Provided material =>
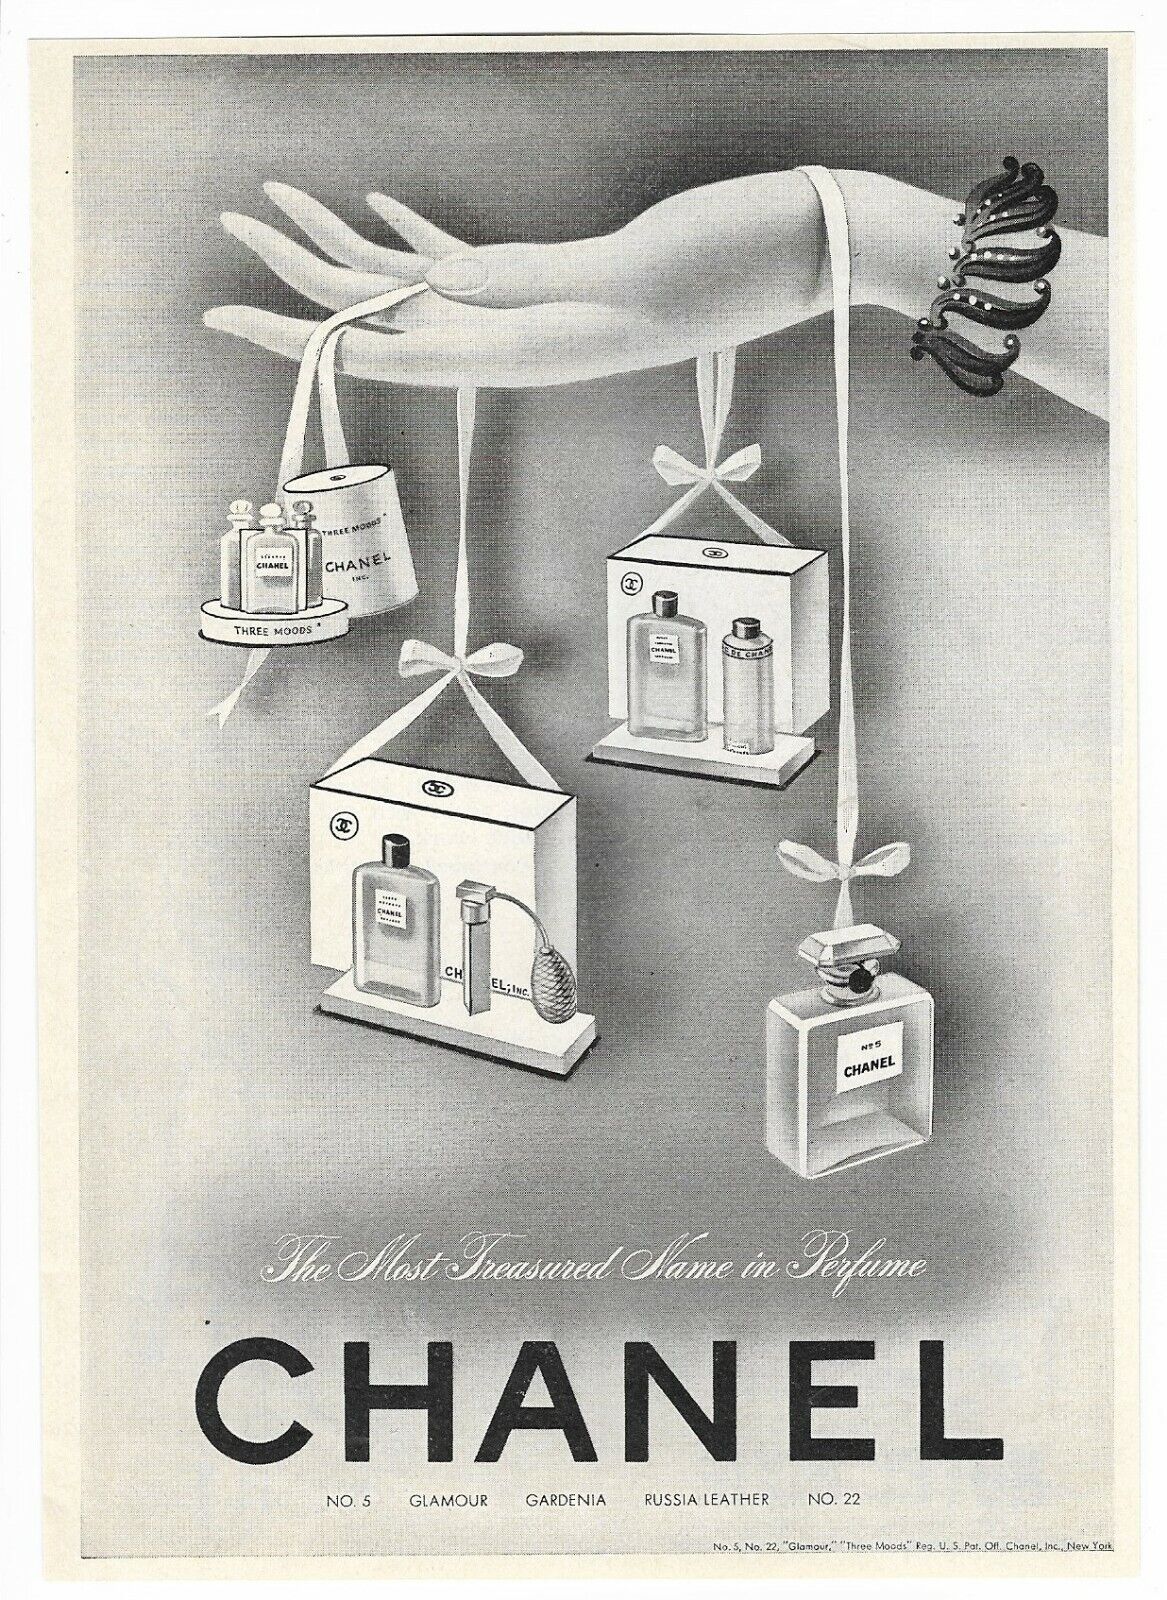 Vintage 1940's Women's Perfume Beauty - Chanel Product Line Wwii - 1943 Art Ad
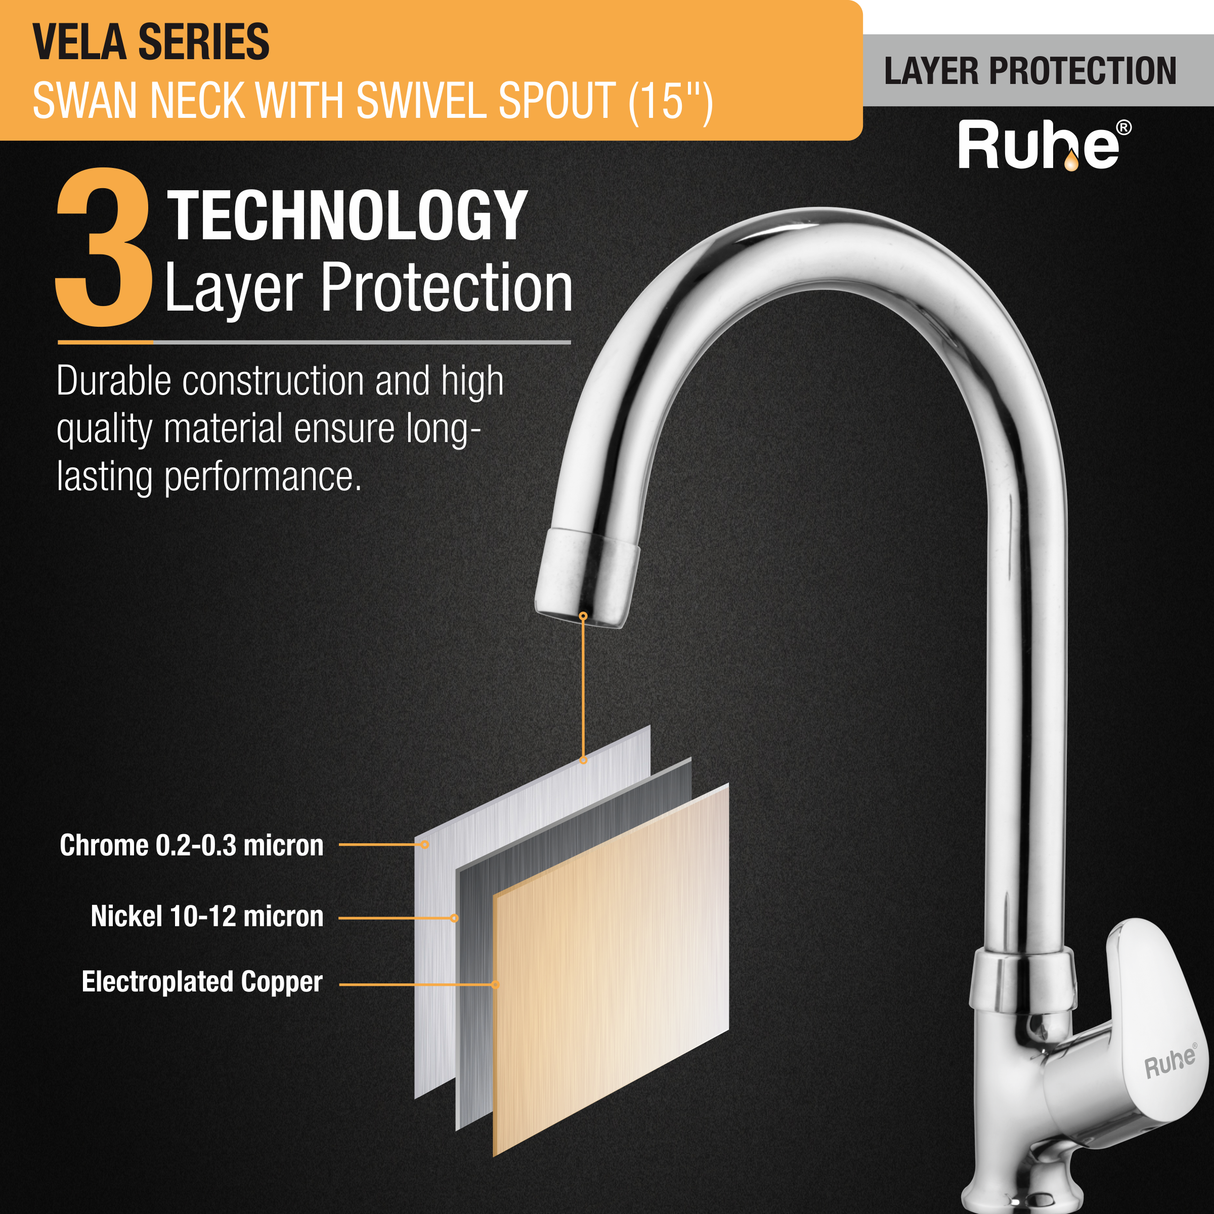 Vela Swan Neck with Medium (15 inches) Round Swivel Spout Faucet protection
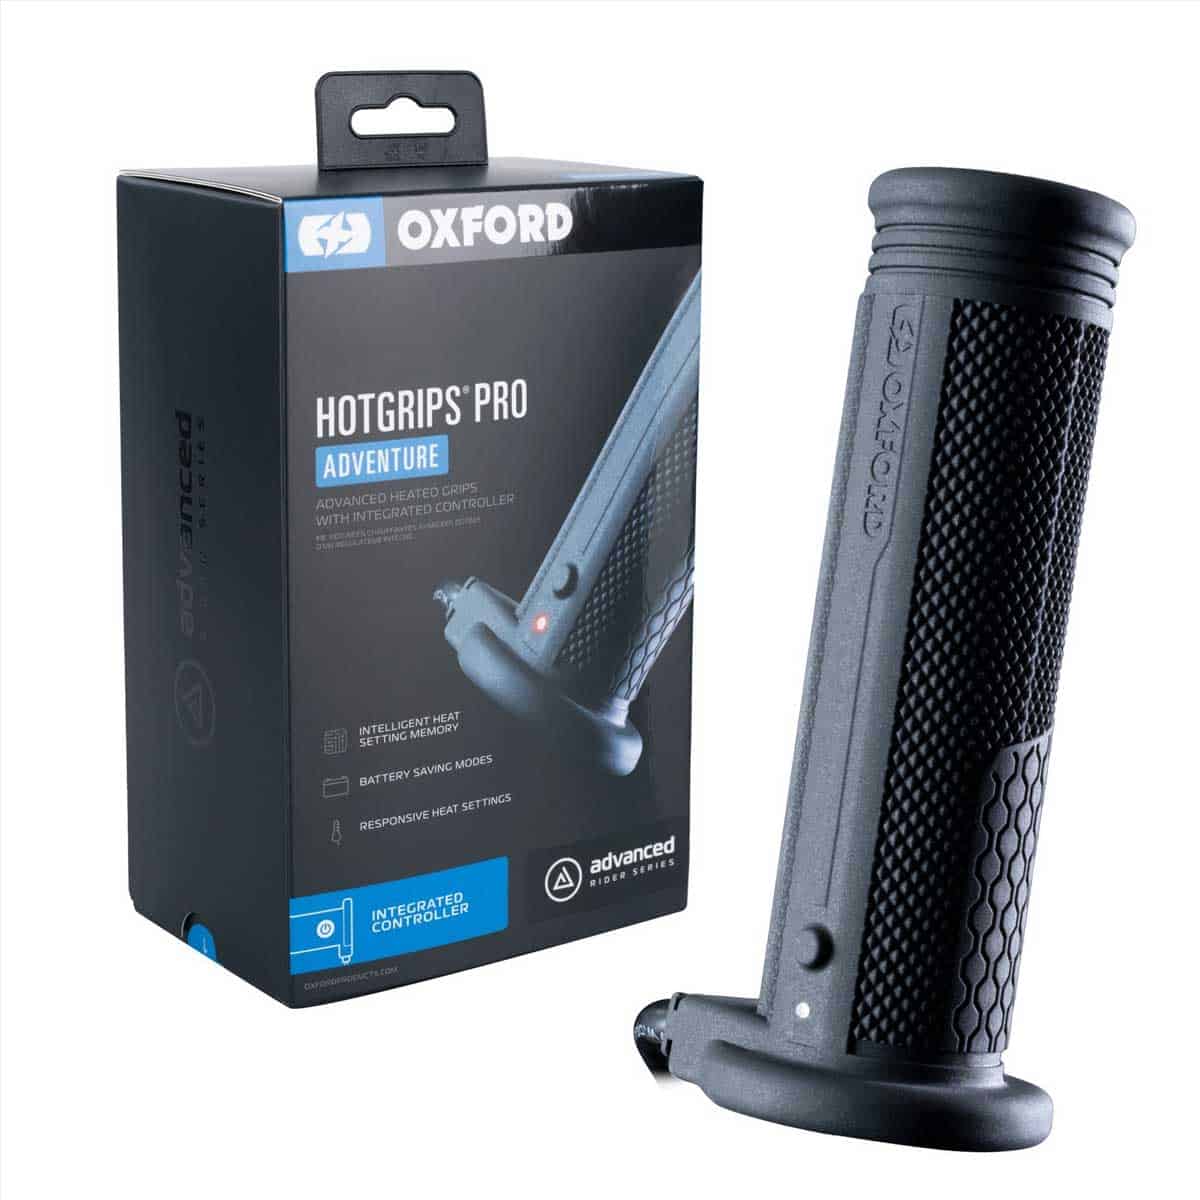 Upgrade your comfort with Oxford's HotGrips PRO: Heated grips with greater warmth & a longer life
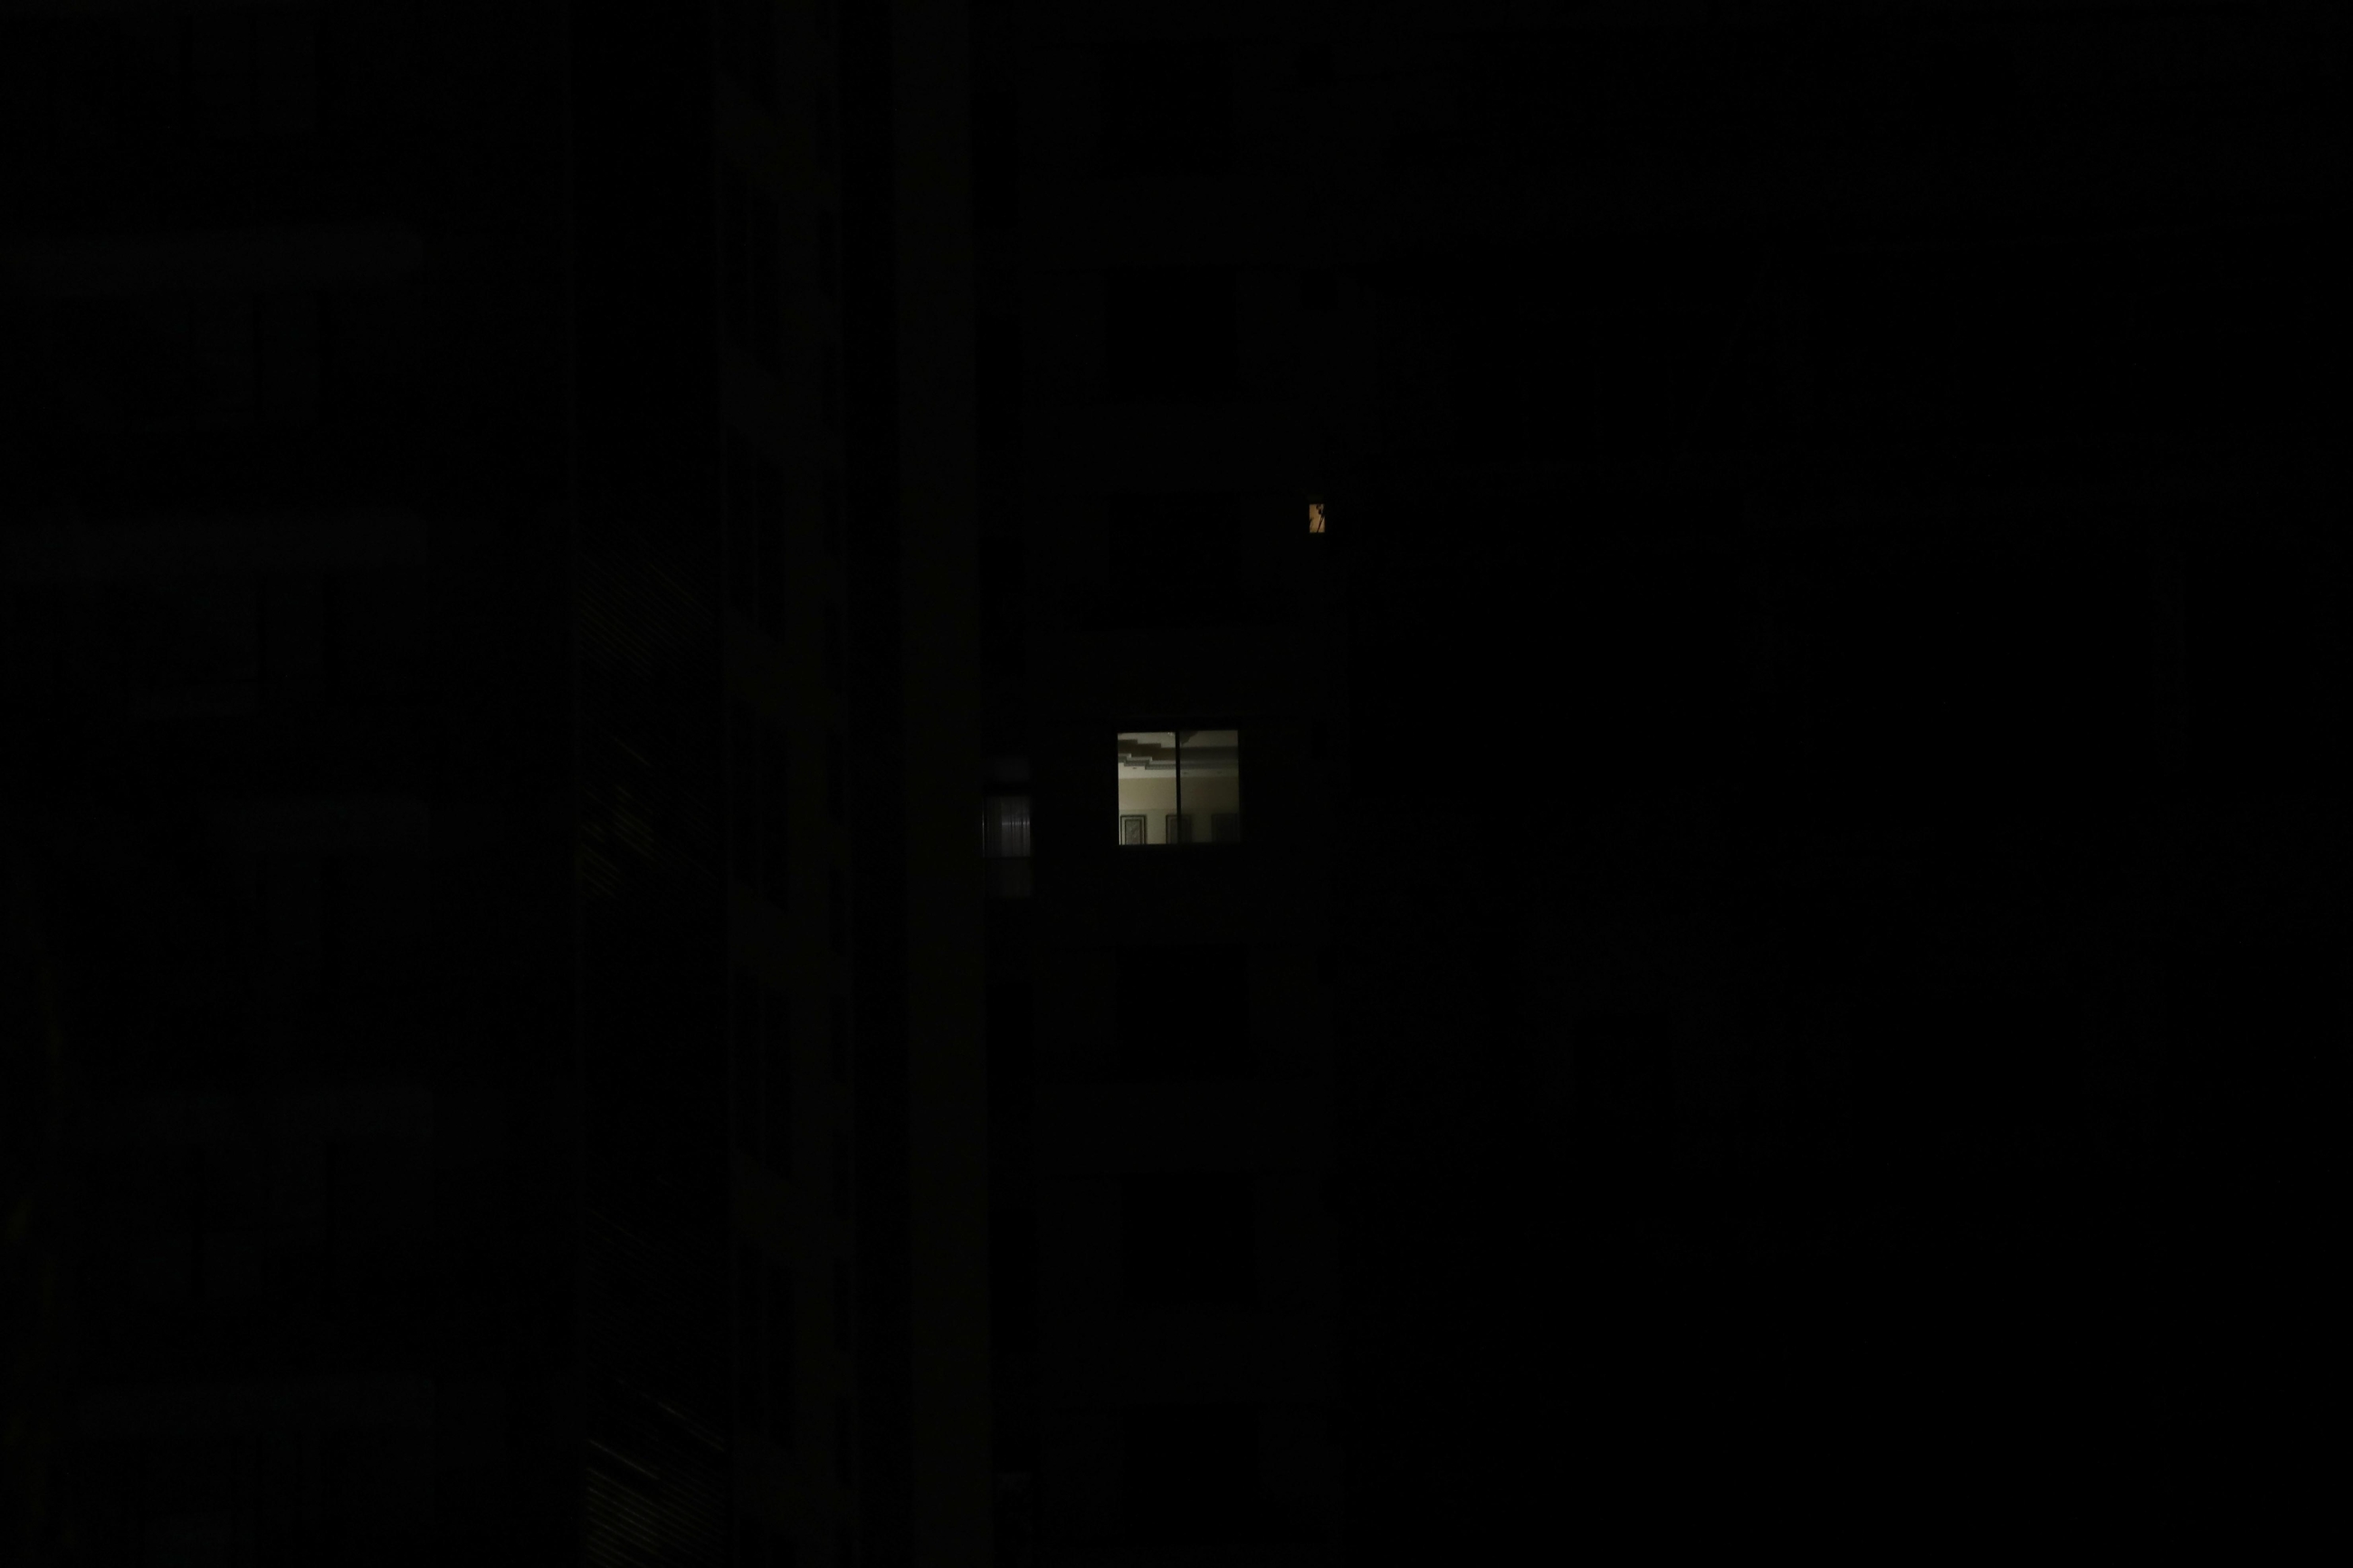 Beirut in darkness; a lit up window. Beirut, Lebanon. August 28, 2020. (Marwan Tahtah/The Public Source)

Problem requirements => With the images removed, write out all of the material above exactly.

Response area =>
 Vintage 1940's Women's Perfume Beauty - Chanel Product Line Wwii - 1943 Art Ad
 Vela Swan Neck with Medium (15 inches) Round Swivel Spout Faucet protection
 Upgrade your comfort with Oxford's HotGrips PRO: Heated grips with greater warmth & a longer life
 Beirut in darkness; a lit up window. Beirut, Lebanon. August 28, 2020. (Marwan Tahtah/The Public Source)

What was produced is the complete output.